Abstract
One of the main advantages of a micro is the chance we have of communicating with it via serial port.
In this article, and next we will have an idea of what we can do, and some of the tools I have found interesting to interact with a microcontrollers, involving internet ...
Unless a micro is programmed with a standalone implementation, ie, that its operation is limited to actions that do not depend on external interaction (beyond digital or analog inputs) is not necessary to implement the mechanisms that this article describes. It is true that many applications do not require microcontrollers to get outside the inner environment, but it is increasingly common to think of communication as a tool of interaction with applications designed for these environments.
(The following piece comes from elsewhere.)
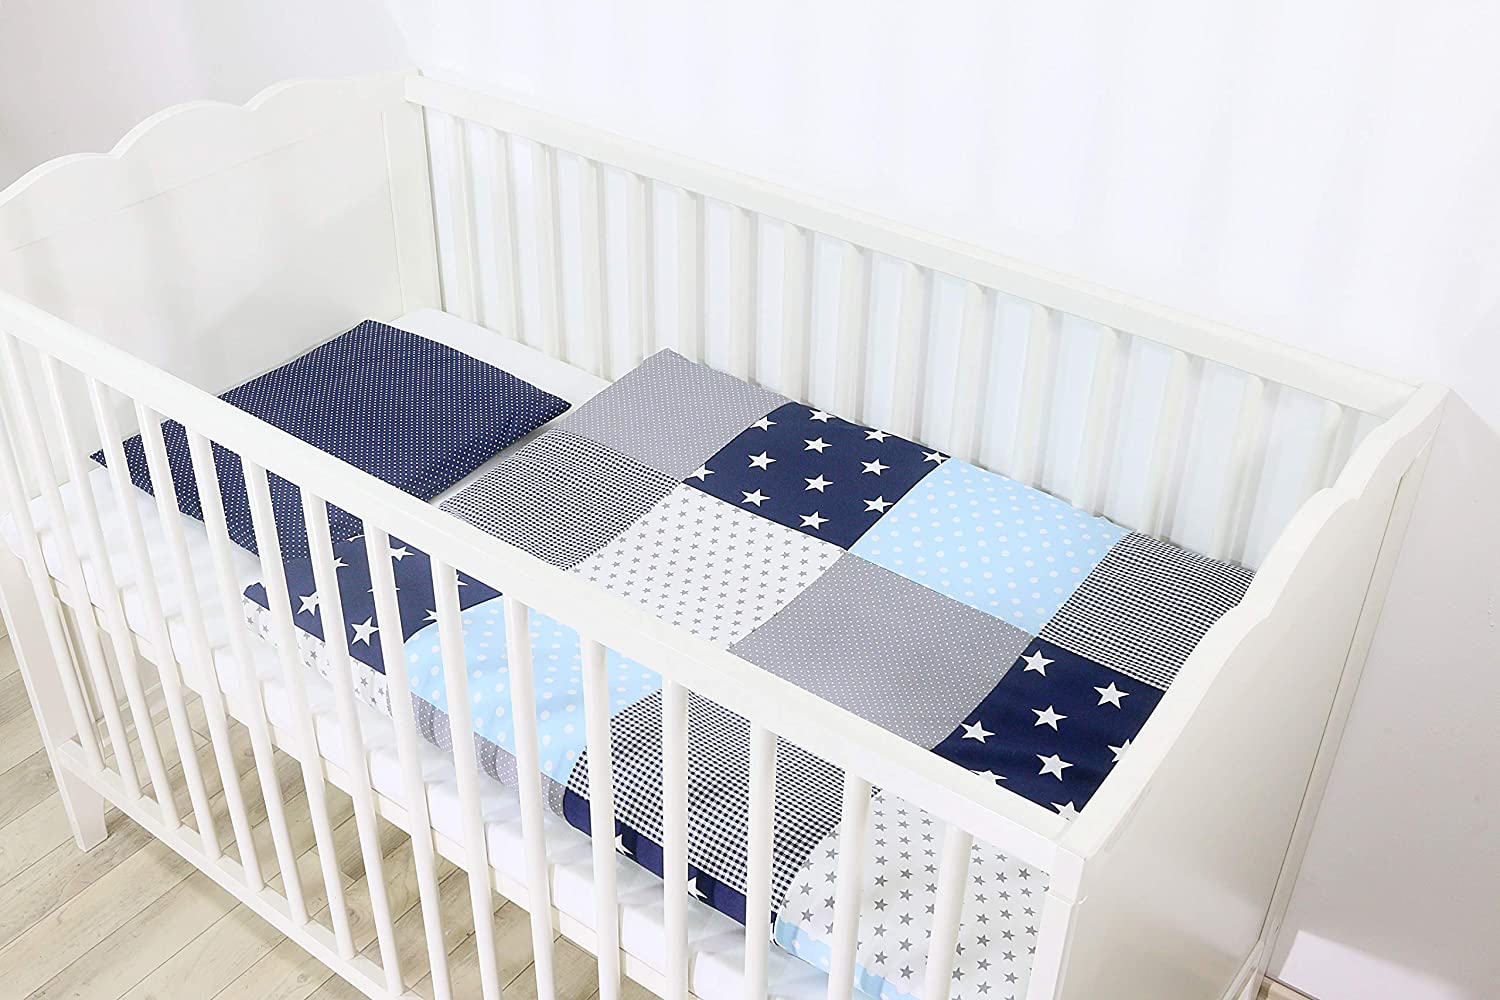 Ullenboom ® Baby Bedding Set - 2 Pieces (Complete): Baby bed linen 80 x 80 cm and pillowcase 35 x 40 cm, baby bed set for the baby bed made from 100% cotton. BLUE LIGHT BLUE GREY

Consider the following example.
...
Arduino microcontroller communication type
If we have a house with panoramic windows (these that open by sliding horizontally), such that a person can enter smoothly through when opened, and we often like to go on vacation, we will have a security problem. The probability of breaking into our home at that time in the house alone is very high.
For someone who wants to design your security system, first of all probably think of placing motion sensors to trigger a very noisy alarm when an intrusion into the residence is detected.This may be a solution, but the alarm will alert only to the immediate surroundings of the house, and intruders.
But we can also think of a silent security system emiting an alarm message to the house's owner via the Internet, sending a text message alert to a receiving means, either email, client chat (IM) or twitter!.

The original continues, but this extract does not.